Disney Research, UCI Create AI Video Compression Model

(Image credit: iStock)

IRVINE, Calif.—Disney Research and University of California, Irvine, computer scientists have developed an artificial intelligence-enhanced video compression model that they say is capable of competing against established video compression technology.

Researchers working on the project showed an early phase of their AI video compression model at the Conference on Neural Information Processing Systems in December 2019, that yielded less distortion and smaller bits-per-pixel rates than classic coding-decoding algorithms, like H.265, on specialized video content. On downscaled, publicly available YouTube videos, it had comparable results.

The compression model created by Disney Research and UCI is designed to downscale the dimensions of the video using a “variational autoencoder,” a neural network that processes each video frame in a sequence of actions that results in a condensed array of numbers. The autoencoder then tries to undo this operation so that the array contains enough info to restore the video frame.

The next step is for the algorithm to use a deep generative model to guess the next compressed version of an image given what has gone before. It then conducts an operation to encode frame content by rounding the autoencoder’s real-valued array to integers, which are supposed to be easier to store. 
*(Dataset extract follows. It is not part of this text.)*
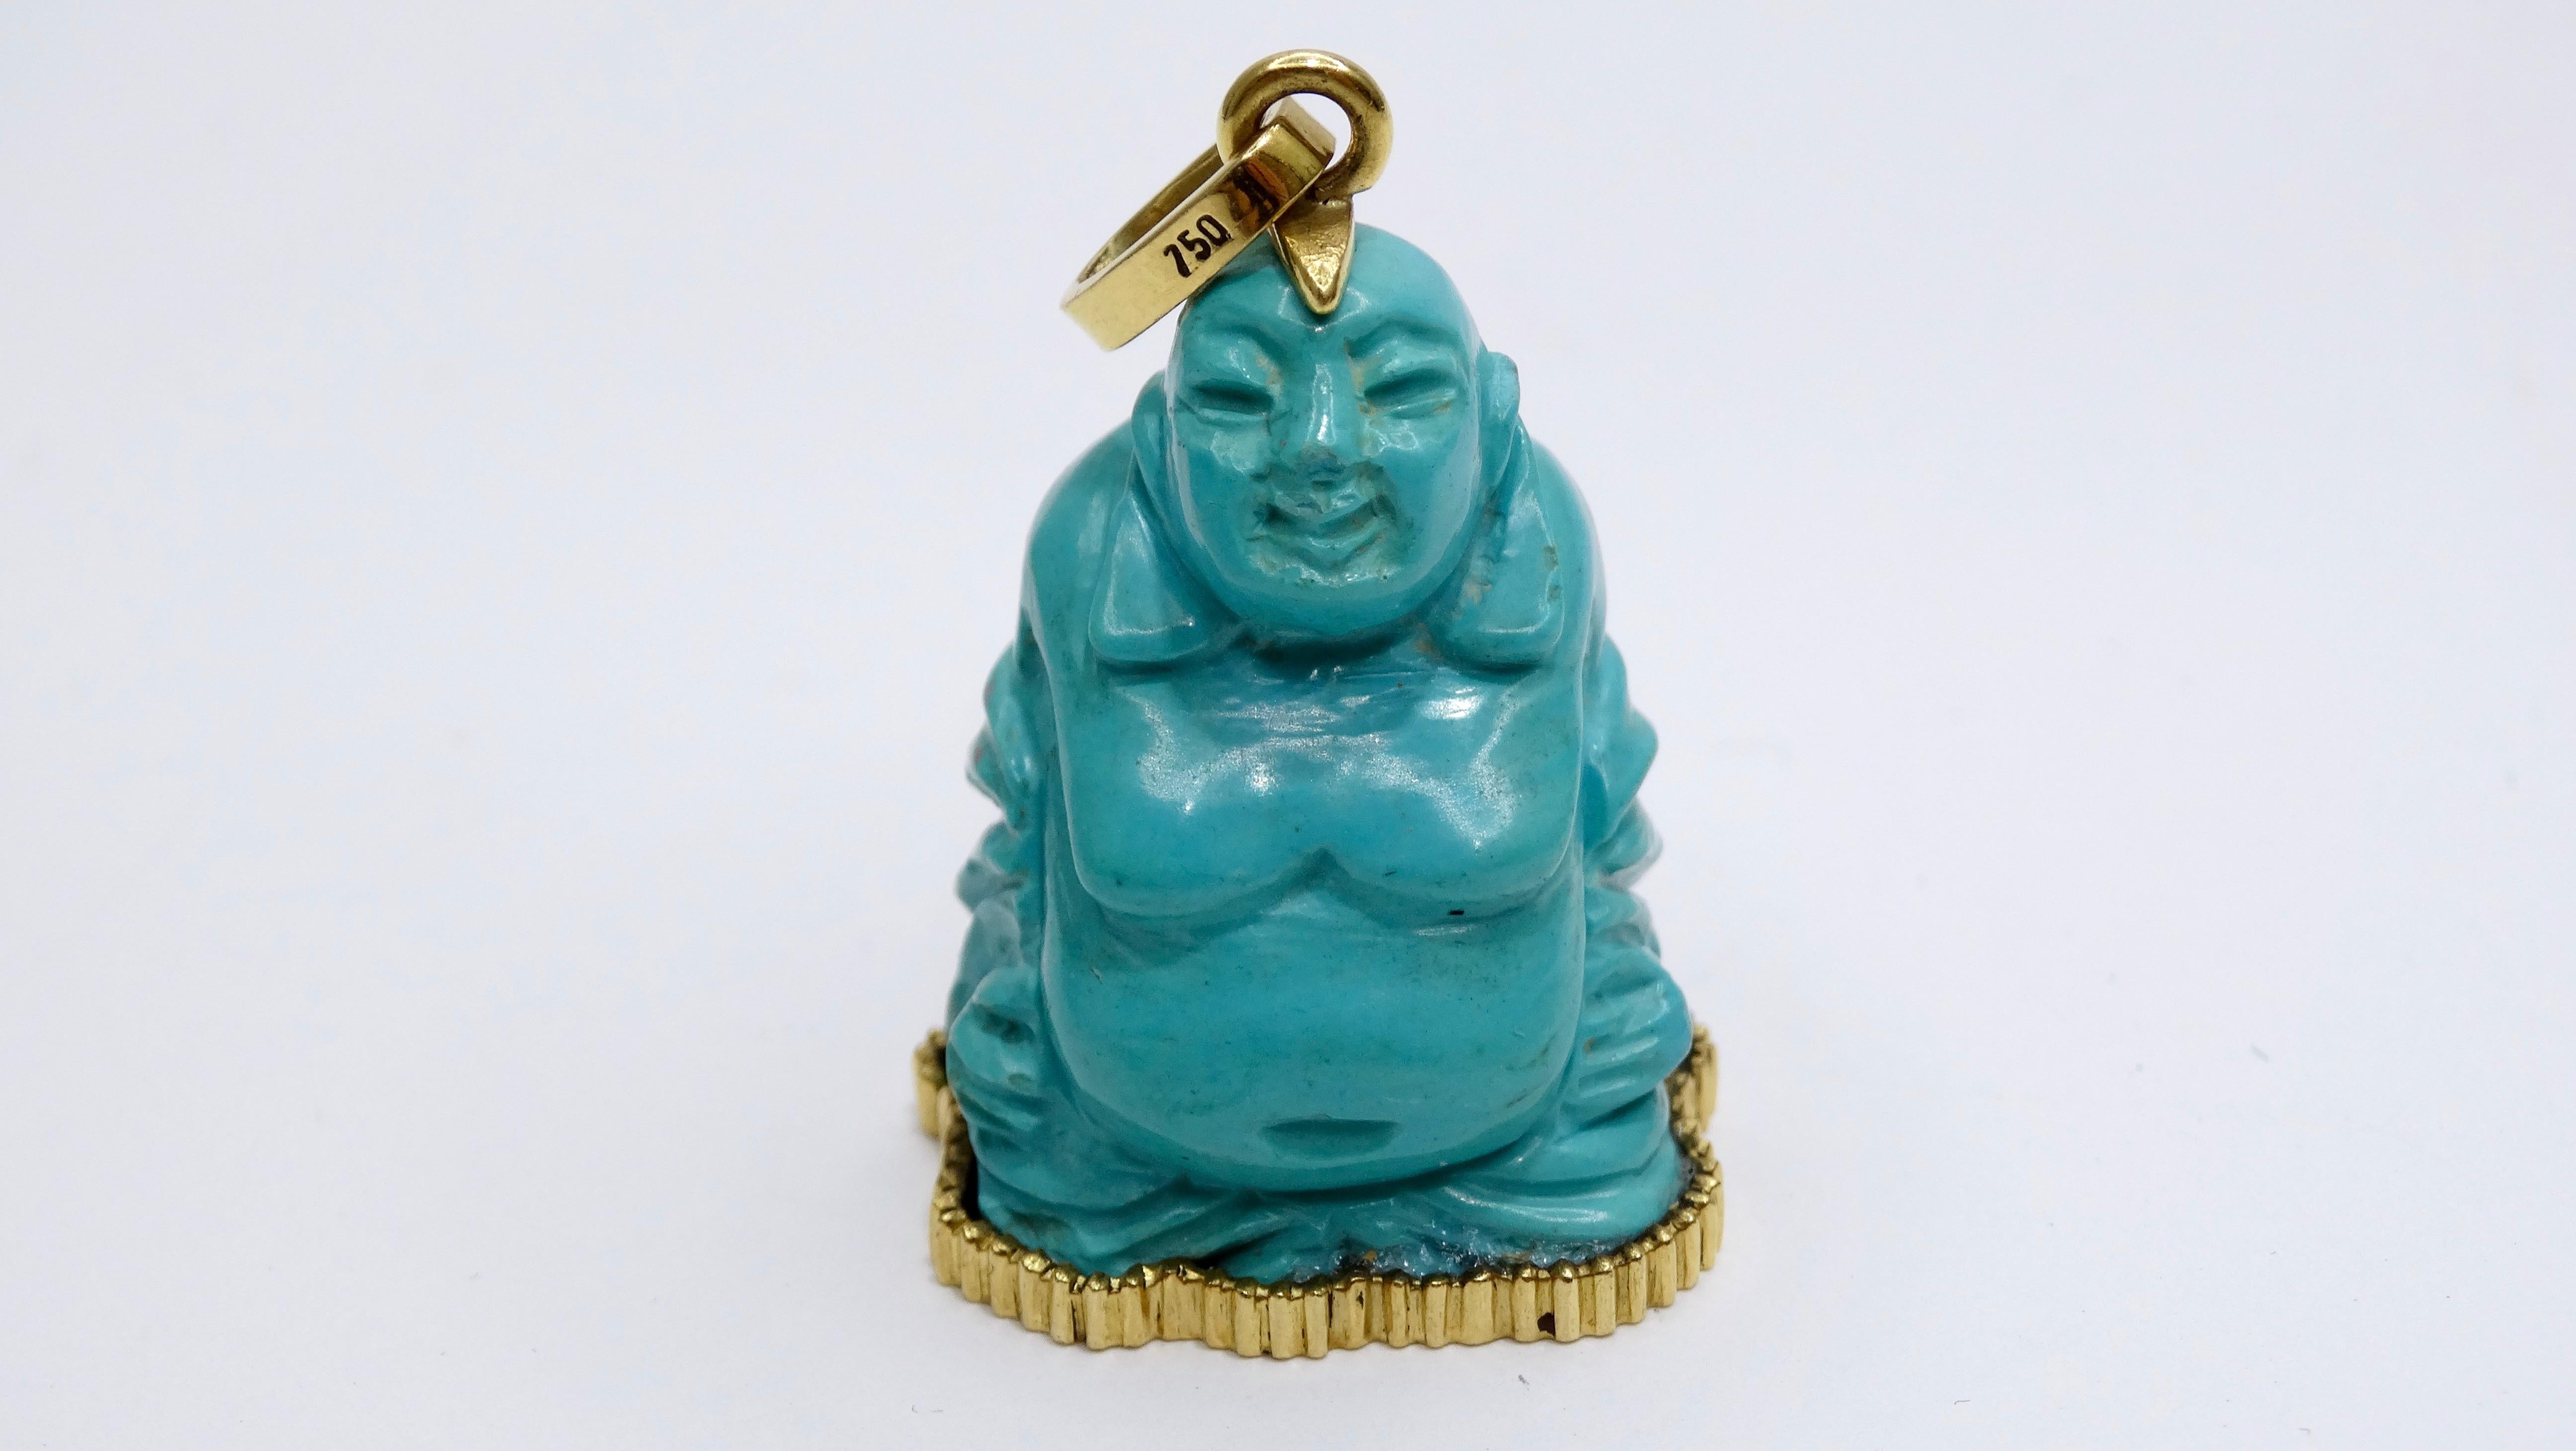 This large vintage sleeping beauty turquoise Budda pendant is beautiful and collectable. If bohemian and eclectic style is your vibe, add a beautifully crafted pendant to your favorite chain and elevate your outfit. Pair this with a vintage printed

The final step is the application of lossless compression to the array, allowing for its exact restoration. The algorithm is informed by the neural network about which video frame to expect next for greater efficiency, per Disney Research and UCI.

“Intuitively, the better a compression algorithm is at predicting the next frame of a video—given what happened in the previous frames—the less it has to memorize,” said Stephan Mandt, UCI assistant professor of computer science, who first worked on this project while employed by Disney Research. “If you see a person walking in a particular direction, you can predict how that video will continue in the future, which means you have less to remember and less to store.”

Mandt continued: “The real contribution here was to combine this neural network-based deep generative video prediction model with everything else that belongs to compression algorithms, such as rounding and model-based lossless compression.”

Work is still progressing toward a real, applicable version of the video compressor, with Mandt indicating they may need to compress the neural network itself, along with the video.